1. A method of using an electric heating device for molten salt storage tank with enhanced heat transfer, characterized in that, include: A shell, wherein a shell-side partition is provided inside the shell, the shell-side partition dividing the shell side of the shell into upper and lower parts; Multiple electric heating elements are inserted inside the housing; A molten salt inlet is located at the lower right of the shell. The molten salt inlet is connected to the inside of the molten salt storage tank through an inlet pipeline. A molten salt pump is installed on the inlet pipeline, and a molten salt regulating valve is installed between the molten salt pump and the molten salt inlet. A molten salt outlet is located at the upper right of the shell. The molten salt outlet is connected to the interior of the molten salt storage tank via an outlet pipeline, and a temperature sensing element is installed on the outlet pipeline. Molten salt flowing in from the molten salt inlet first flows from right to left along the wall of the electric heating tube located below the shell-side partition, then flows from left to right along the wall of the electric heating tube located above the shell-side partition, and finally flows out from the molten salt outlet into the molten salt storage tank. The opening of the molten salt regulating valve is adjusted according to the temperature of the temperature sensing element. Multiple ribs are evenly arranged on the outside of the shell, and multiple electric heating devices for the molten salt storage tank are evenly arranged circumferentially at the bottom of the molten salt storage tank. Includes the following steps: When the temperature of the molten salt storage tank decreases, the low-temperature molten salt in the molten salt storage tank flows through the molten salt regulating valve under the action of the molten salt pump and enters the electric heating device of the molten salt storage tank from the molten salt inlet; Molten salt first flows from right to left along the wall of the electric heating tube located below the shell-side partition, and then flows from left to right along the wall of the electric heating tube located above the shell-side partition, exchanging heat with the electric heating tube. The molten salt after heat exchange flows out from the molten salt outlet into the molten salt storage tank.
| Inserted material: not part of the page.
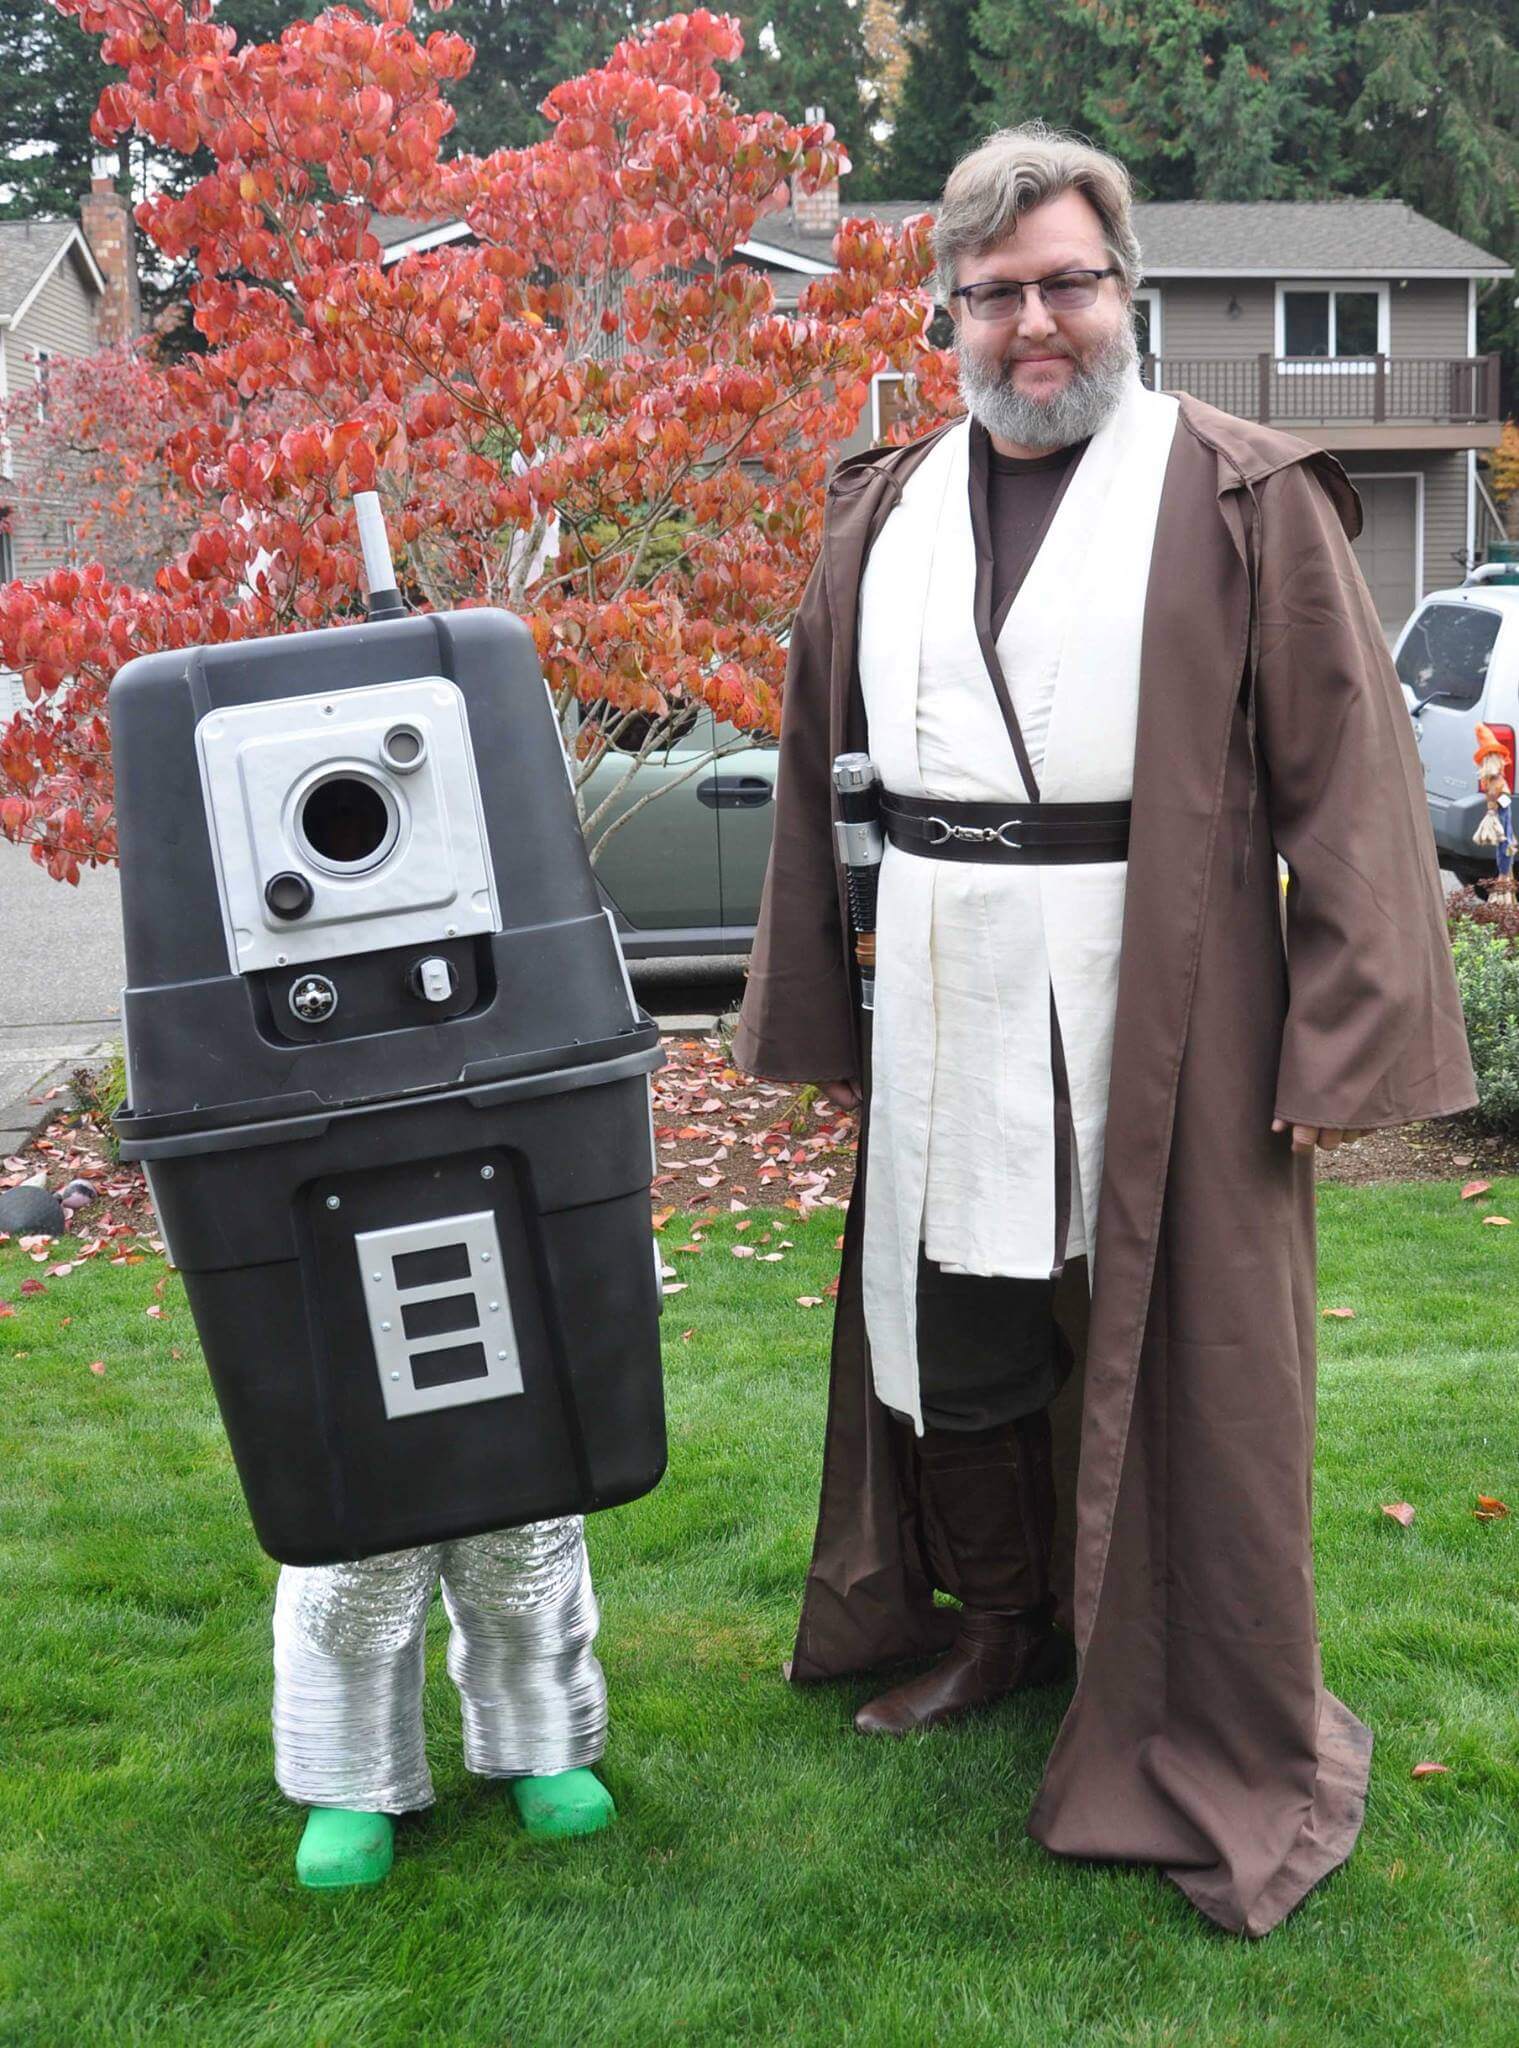 DigiPen Faculty member Bill Morrison dressed as a jedi knight next to his son dressed as a droid pose for a photo
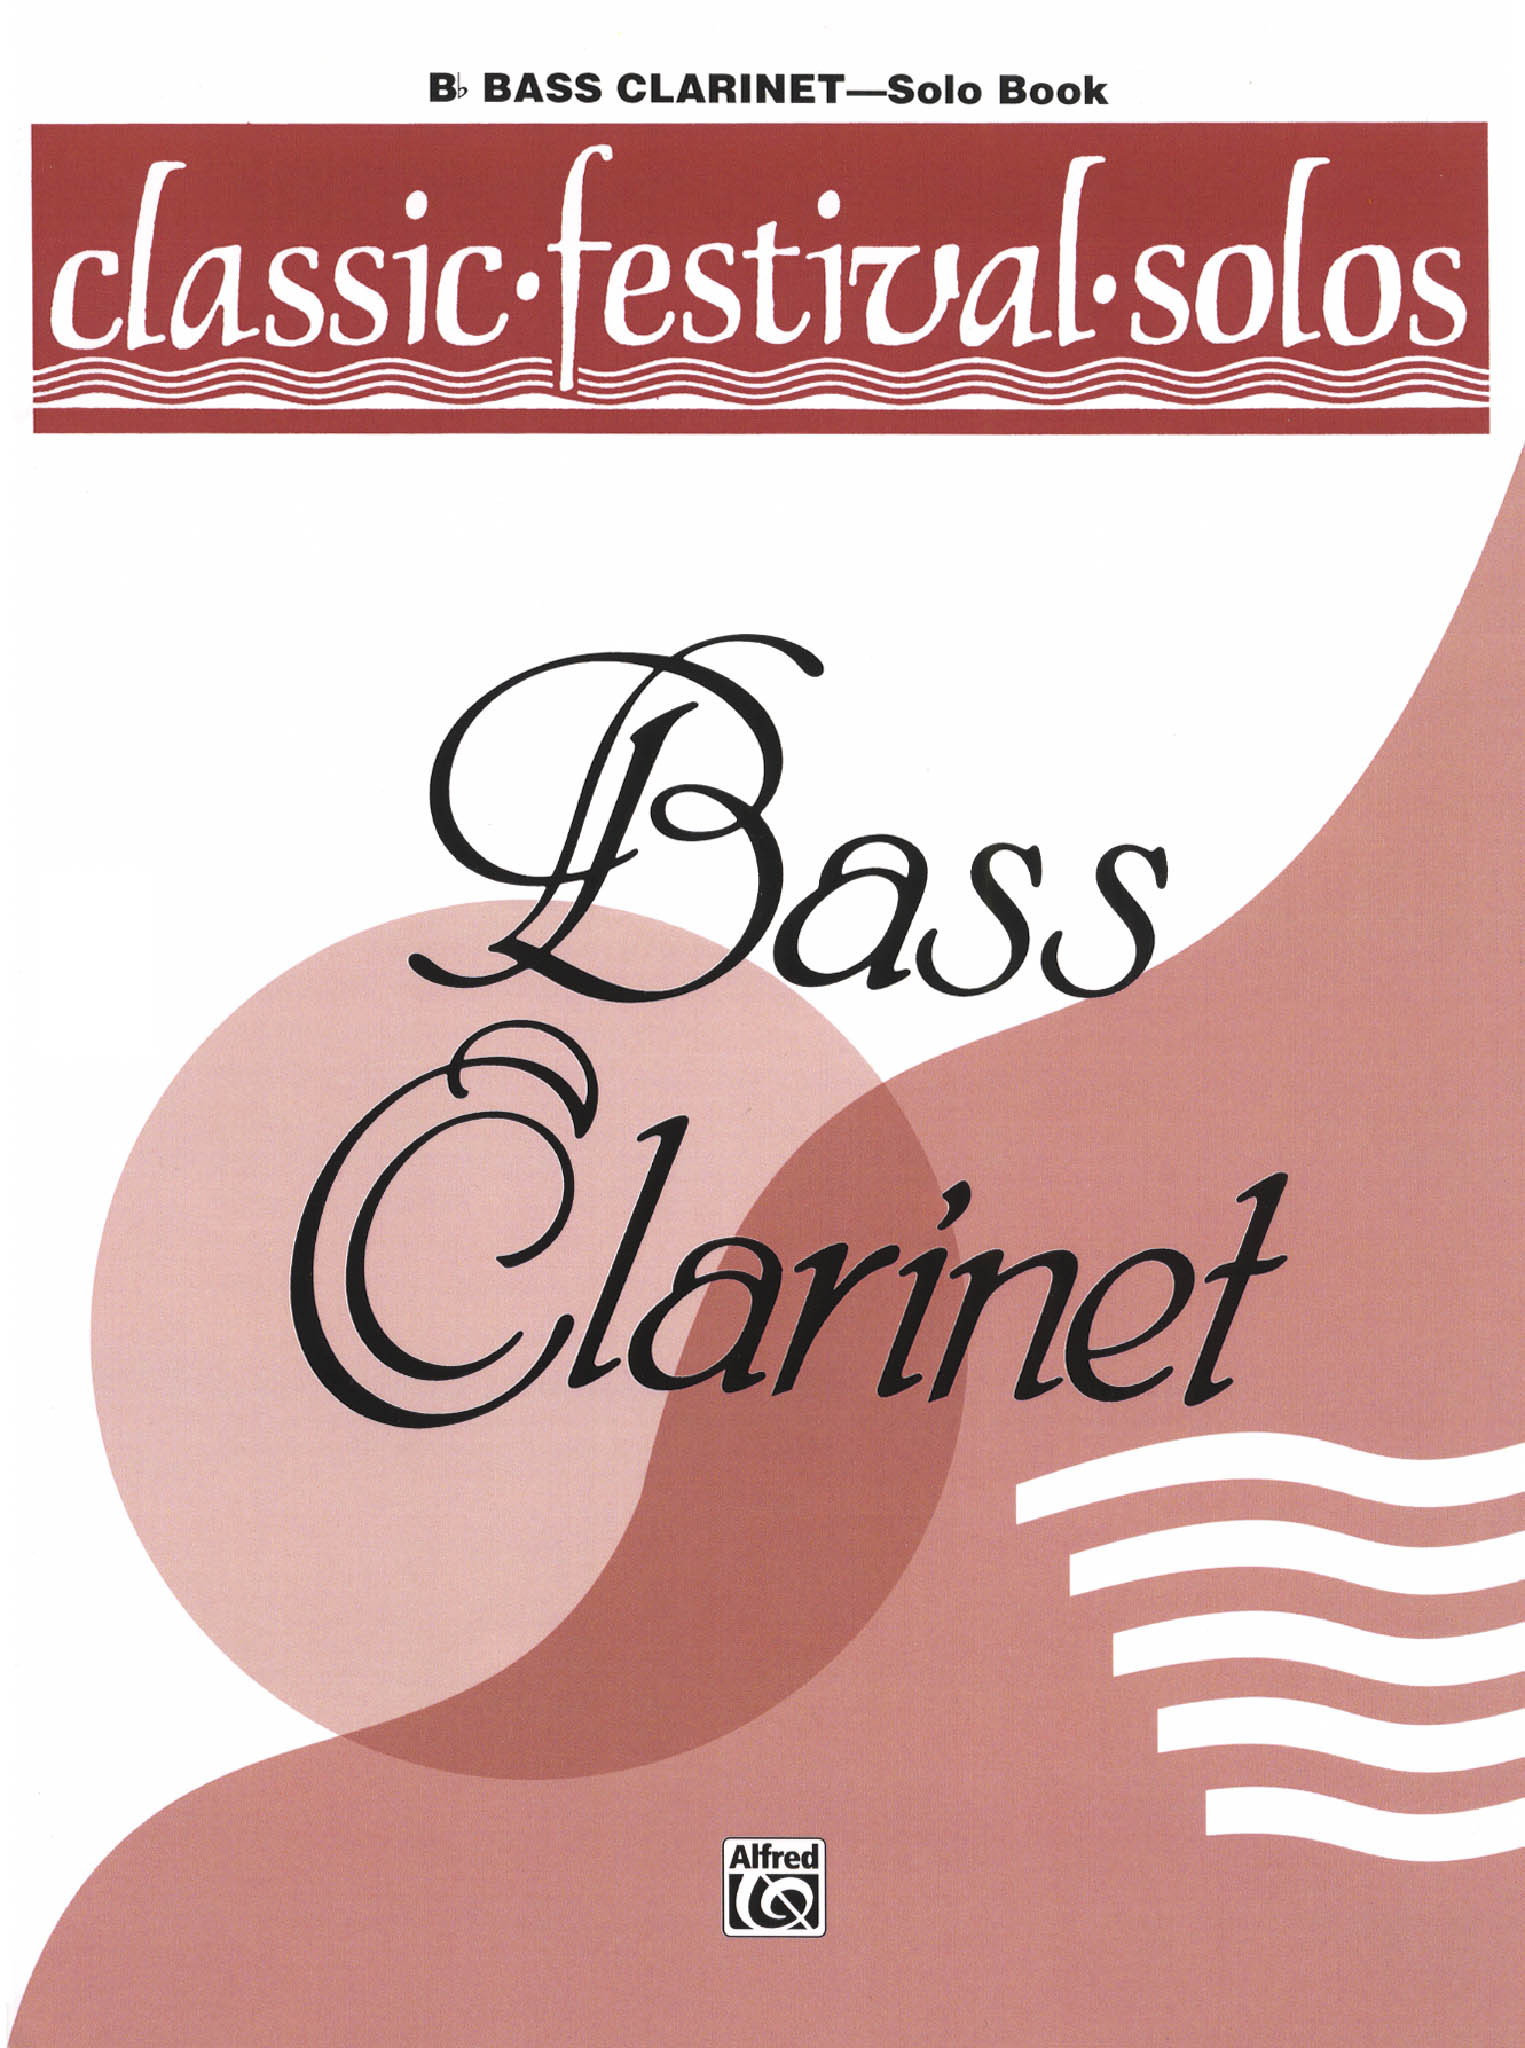 Belwin Classic Festival Solos Bass Clarinet

2. The method as described in claim 1, characterized in that, The temperature sensing element is one of a thermocouple sensor, a bimetallic thermometer, an expansion thermometer, or a contact temperature sensor.

3. The method as described in claim 1, characterized in that, The electric heating element is a U-shaped electric heating element.

4. The method as described in claim 1, characterized in that, It also includes a wiring cavity, into which one end of the electric heating tube is inserted for connection to an external wire.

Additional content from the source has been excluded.